PROBLEM STATEMENT → Only the lines from the one containing "Simple but cool" through the end of the material should be printed, exactly as they appear. Leave out pictures.

PROVIDED DATA →
____________
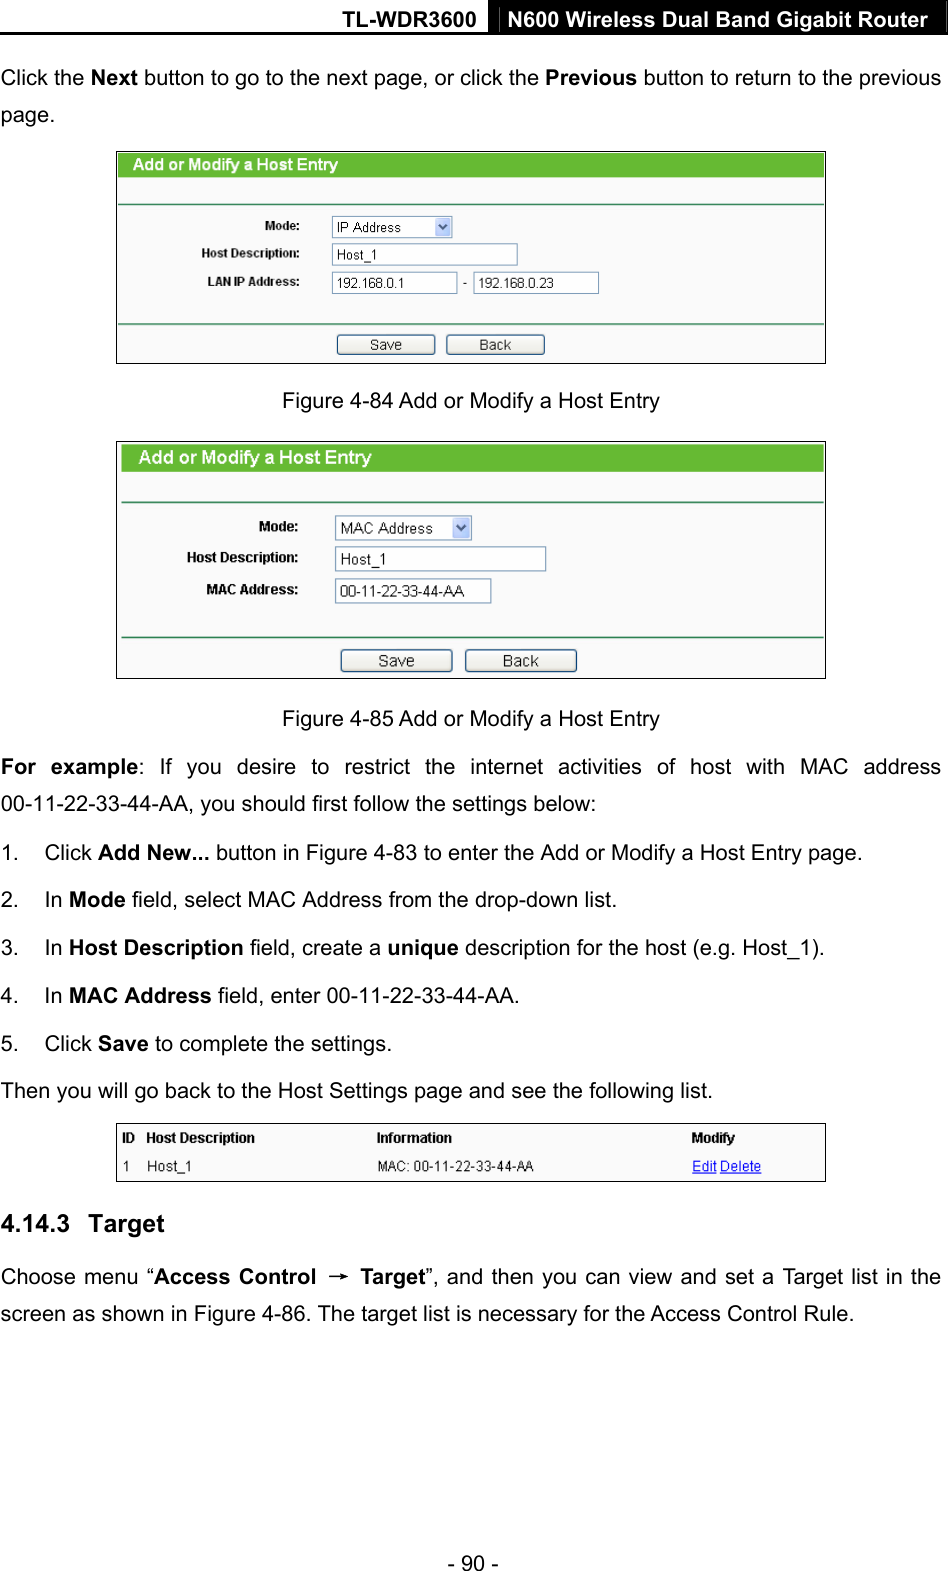 TL-WDR3600 N600 Wireless Dual Band Gigabit Router  - 90 - Click the Next button to go to the next page, or click the Previous button to return to the previous page.  Figure 4-84 Add or Modify a Host Entry  Figure 4-85 Add or Modify a Host Entry For example: If you desire to restrict the internet activities of host with MAC address 00-11-22-33-44-AA, you should first follow the settings below:   1. Click Add New... button in Figure 4-83 to enter the Add or Modify a Host Entry page.   2. In Mode field, select MAC Address from the drop-down list.   3. In Host Description field, create a unique description for the host (e.g. Host_1).   4. In MAC Address field, enter 00-11-22-33-44-AA.   5. Click Save to complete the settings.   Then you will go back to the Host Settings page and see the following list.  4.14.3  Target Choose menu “Access Control  → Target”, and then you can view and set a Target list in the screen as shown in Figure 4-86. The target list is necessary for the Access Control Rule. 
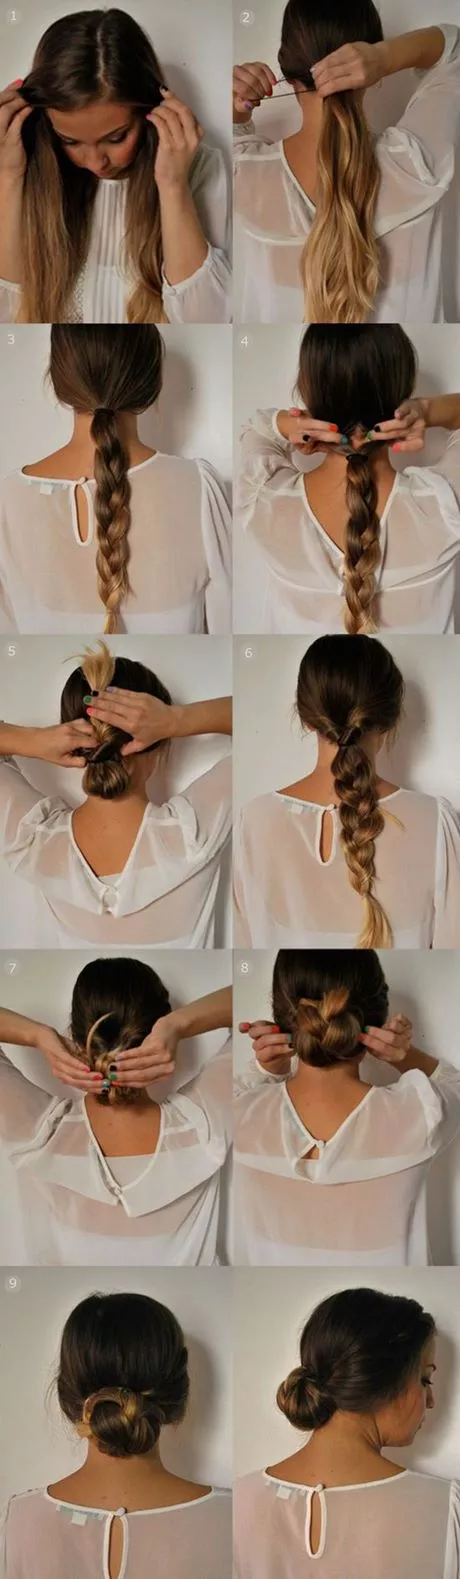 Simple but cool hairstyles simple-but-cool-hairstyles-70_18-10-10
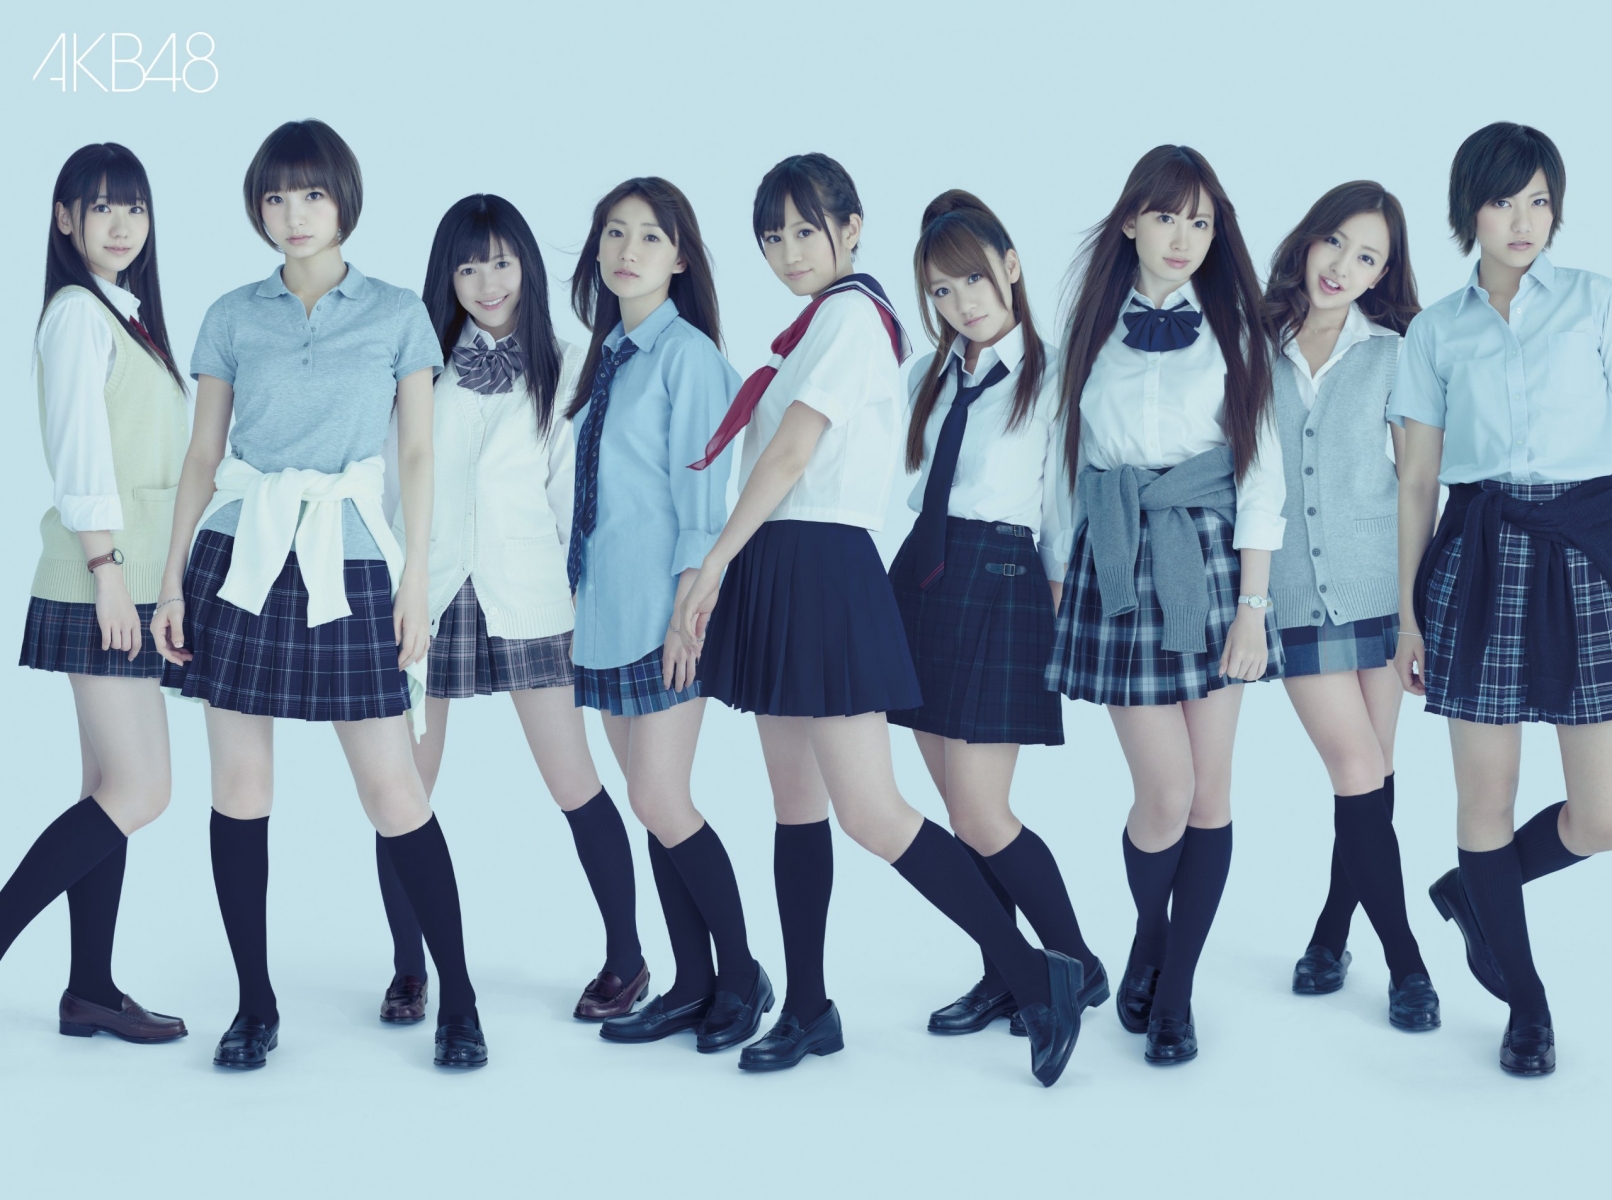 Everything you wanted to know about girls school uniforms in Japan SoraNews24 -Japan News- image
____________
THE COMPLETED TASK →
 Simple but cool hairstyles simple-but-cool-hairstyles-70_18-10-10
 Everything you wanted to know about girls school uniforms in Japan SoraNews24 -Japan News- image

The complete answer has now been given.